Here is a more comprehensive list of risks you should be considering when conducting your assessment:  

  • Natural disasters (earthquakes, fires, floods, storms, cyclones, drought, etc.)
  • Injuries in the workplace
  • Damage to, theft or vandalism of property and equipment
  • Environmental hazards, such as chemical spills, climate change and pollution
  • Loss of customers, either due to a switch to competitors or due to a declining interest in your product
  • Staff turnover
  • Failure of utilities — for example, issues with electricity, gas and water supply
  • Employee fraud
  • Customer-related issues — for example, failure to pay on time, legal issues, etc.
  • Delays in delivery of inventory and other issues with suppliers
  • New laws and regulations
  • Shortages of inventory
  • Advances in and concerns related to technology — for example, hacking, your product or service being superseded or becoming obsolete and network failures
  • Increases in interest rates and inflation
  • Global or local pandemics
  • War
  • Terrorist activity

 

Are there tools available to help me conduct a proper and comprehensive risk assessment?

 Yep — there sure are!
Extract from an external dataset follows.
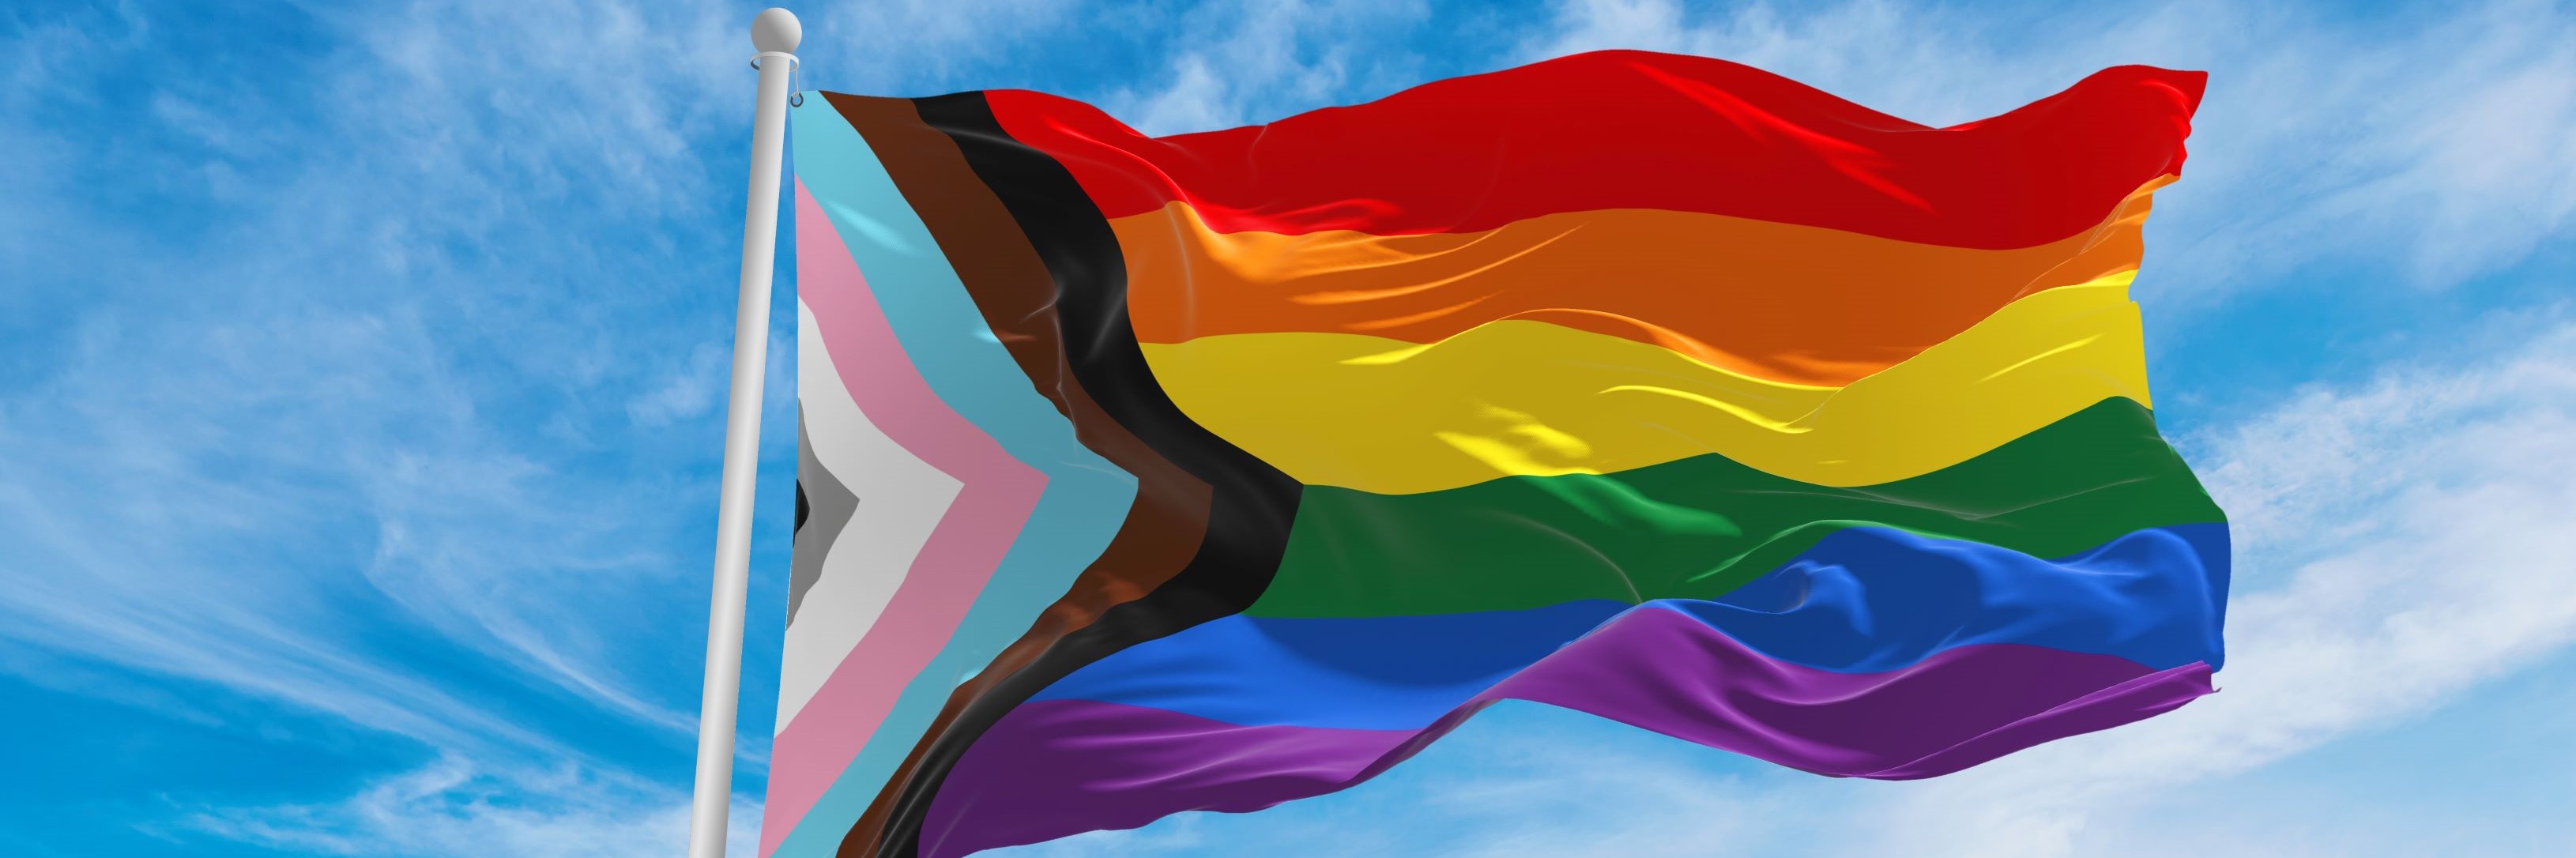 Staying-Informed-on-LGBTQ-Laws-banner.jpg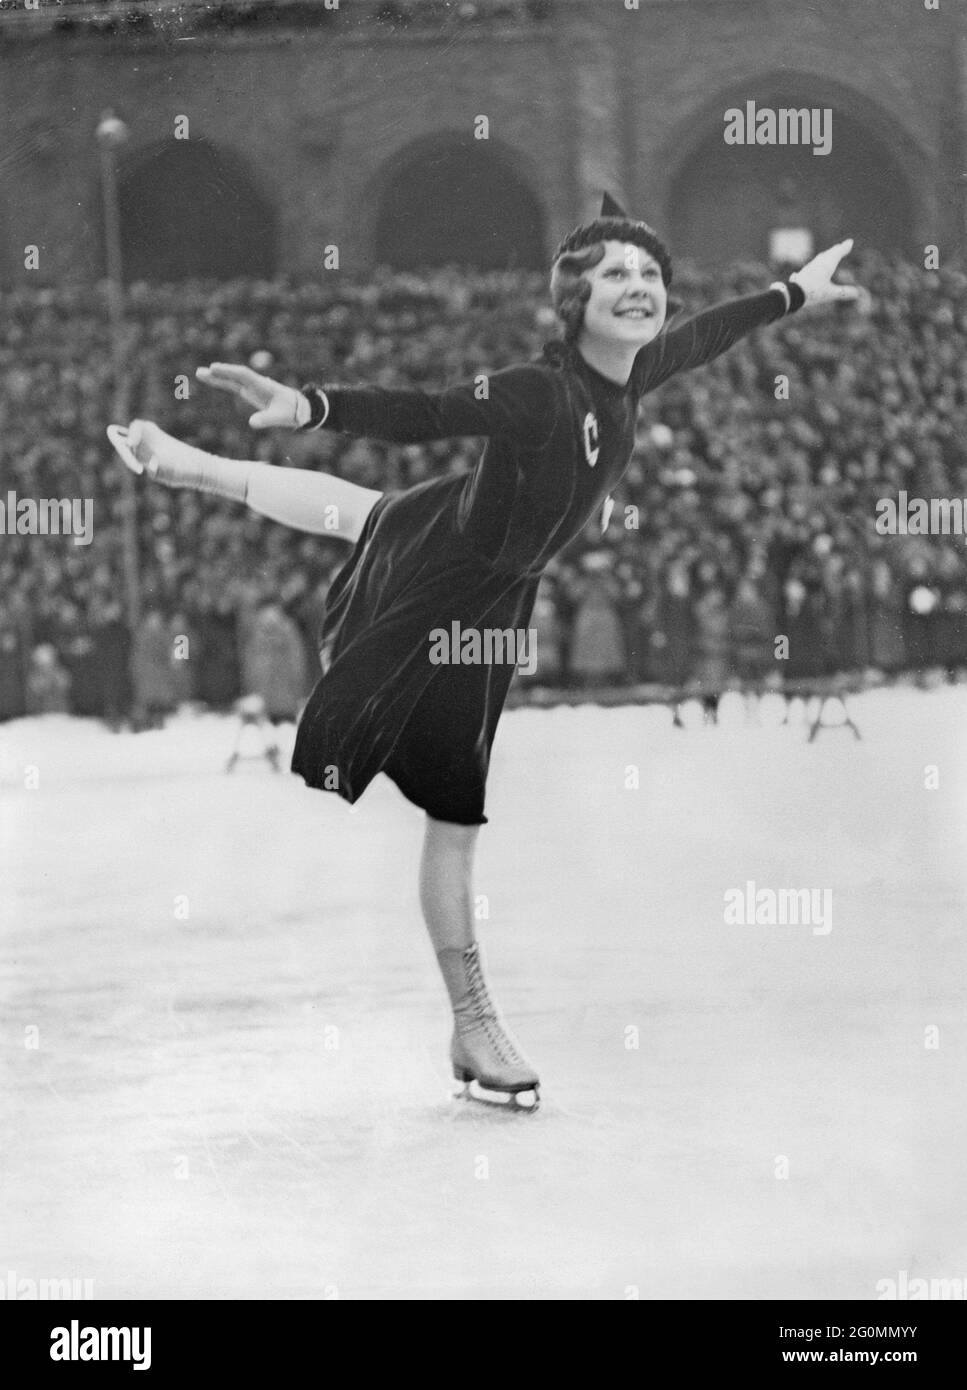 Sonja Henie. Norwegischer Eiskunstlauf-Champion, geboren am 8. april tot am 12 1969. oktober. Im Bild während der Teilnahme an der Eislaufweltmeisterschaft am 13 1933. februar im Stockholms-Stadion. Stockfoto

Here are some of the ones we recommend you make use of: 

  • Visit My Risk — this is a risk highlighting tool for people who own and operate small-to-medium-sized businesses. This tool has more than 70 different business categories; all you have to do is select the one that applies to you and it will generate a list of risks that are of most relevance to your business type 
  • Watch this short webisode featuring valuable tips on how to identify the risks to your business
  • Download SAI Global’s “Risk management — principles and guidelines”standard
  • Read CPA Australia’s PDFs for SMEs, which include information on financial risk, internal controls and a risk management guide
  • Read “Good Security — Good Business”, which is a booklet containing a bunch of information on business continuity and how to manage risk

 

We know that a lot of this information can be quite overwhelming — not to mention, quite dry and clinical — so, if you’re still unsure about whether you’re on the right track, have a chat to a trusted business or financial adviser and ask for their advice and expertise. It might also be worthwhile tracking down the relevant representative body for your industry, as they may be able to provide you with some tailored advice on how best to assess the risks to your business.